The insatiable hunger in PWS is primarily driven by two biological factors: abnormally elevated ghrelin levels and hypothalamic dysfunction. In healthy individuals, ghrelin — the hunger hormone — falls after eating, signalling satiety. In PWS, ghrelin remains persistently elevated regardless of food intake, so the satiety signal never arrives normally. This is not a matter of willpower or self-control; it is a hardwired biological dysfunction that requires strict environmental management — including locked food storage — to prevent life-threatening obesity.
Does growth hormone treatment help in Prader-Willi syndrome?

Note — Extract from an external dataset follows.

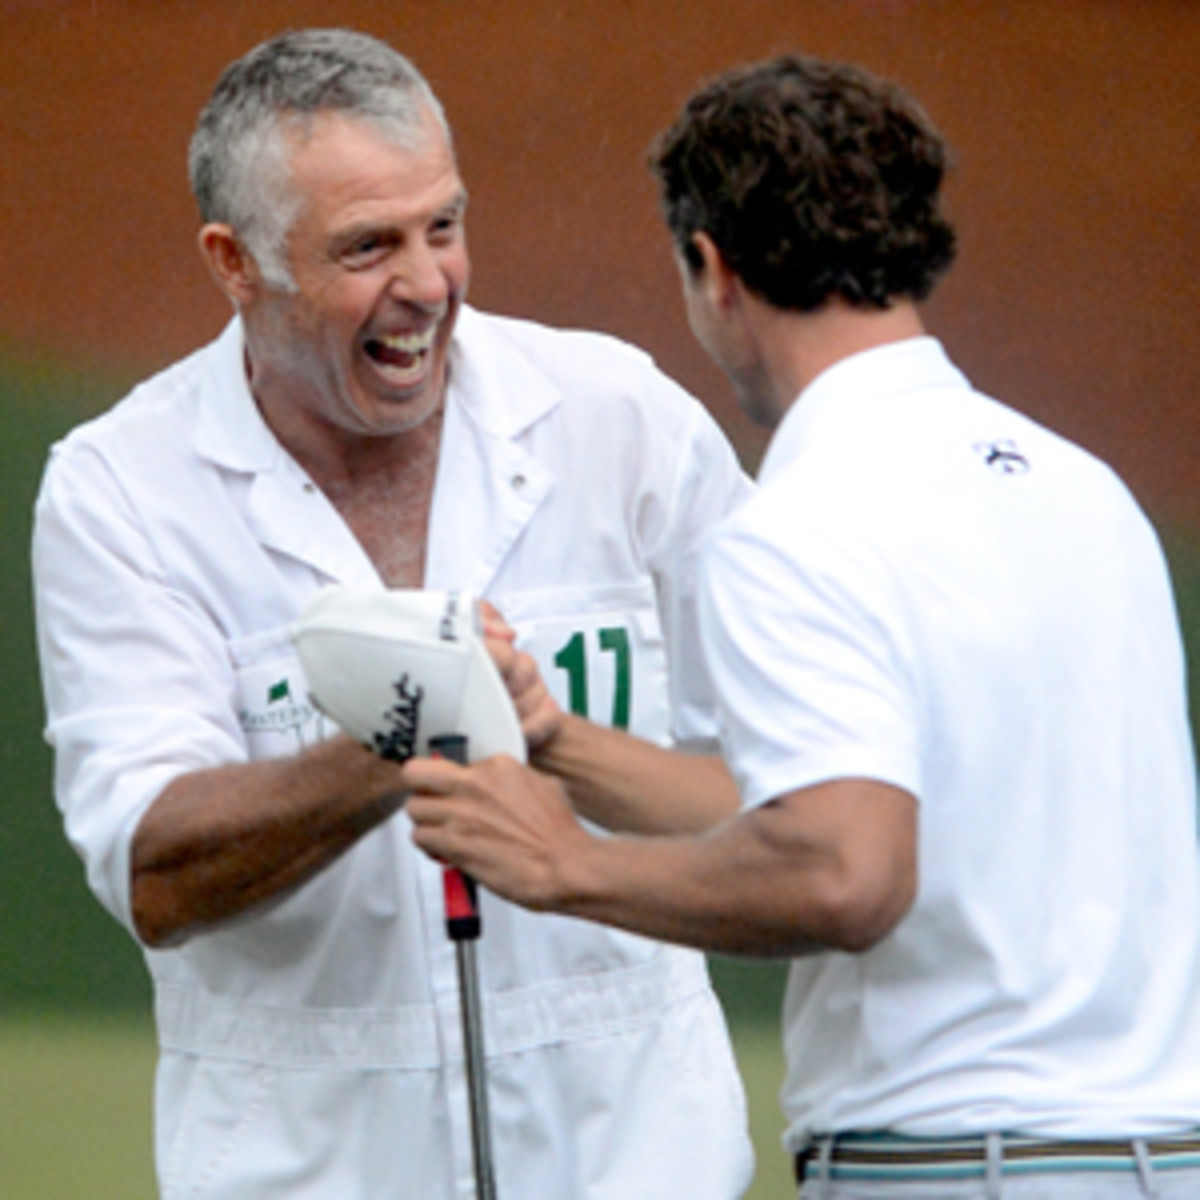 Steve Williams has now caddied for Tiger Woods and Adam Scott to Masters wins. (Getty Images)

Yes, significantly. GH deficiency is present in virtually all individuals with PWS, and GH therapy is one of the most impactful treatments available. When started early — ideally before age 2 — it improves height, reduces body fat, increases muscle mass and strength, improves physical stamina, and supports cognitive and motor development. Treatment continues into adulthood with ongoing benefits for body composition and wellbeing. In Canada, recombinant human GH is covered under most provincial drug benefit programs for children with confirmed GH deficiency, including those with PWS.
Can people with Prader-Willi syndrome live independently?
Most adults with PWS require some degree of supervised living due to the combination of intellectual disability, behavioural challenges, and the lifelong need for food access management. However, outcomes vary considerably. Early intervention, GH therapy, behavioural support, and structured education improve functional independence significantly, and some individuals live semi-independently in supported community settings with a good quality of life. In Canada, provincial developmental services and community living organizations can help families plan for adult transition, typically beginning this process around age 14 to 16.
What is the life expectancy for someone with Prader-Willi syndrome?
With modern management — including strict dietary control, GH therapy, and comprehensive multidisciplinary support — life expectancy in PWS has improved substantially and many individuals now live well into adulthood. The primary threats to longevity are obesity-related complications (cardiovascular disease, type 2 diabetes, obstructive sleep apnea) and respiratory infections in the context of hypotonia. Strict lifelong food management remains the single most important factor in improving long-term outcomes. Precise Canadian life-expectancy data for PWS are not yet available in published literature.
Sources
- Cassidy SB et al. Prader-Willi syndrome. Genetics in Medicine. 2012;14(1):10-26.
- Butler MG et al. Prader-Willi Syndrome: Clinical Genetics, Diagnosis, and Treatment Approaches. Current Pediatric Reviews. 2019;15(4):207-244.
- NICHD – Prader-Willi Syndrome (PWS) Fact Sheet. Eunice Kennedy Shriver National Institute of Child Health and Human Development.
- StatPearls: Prader-Willi Syndrome. National Center for Biotechnology Information, NIH.
- Goldstone AP et al. Recommendations for the diagnosis and management of Prader-Willi syndrome. Journal of Clinical Endocrinology and Metabolism. 2008;93(11):4183-4197.
- NHS – Prader-Willi Syndrome: Management.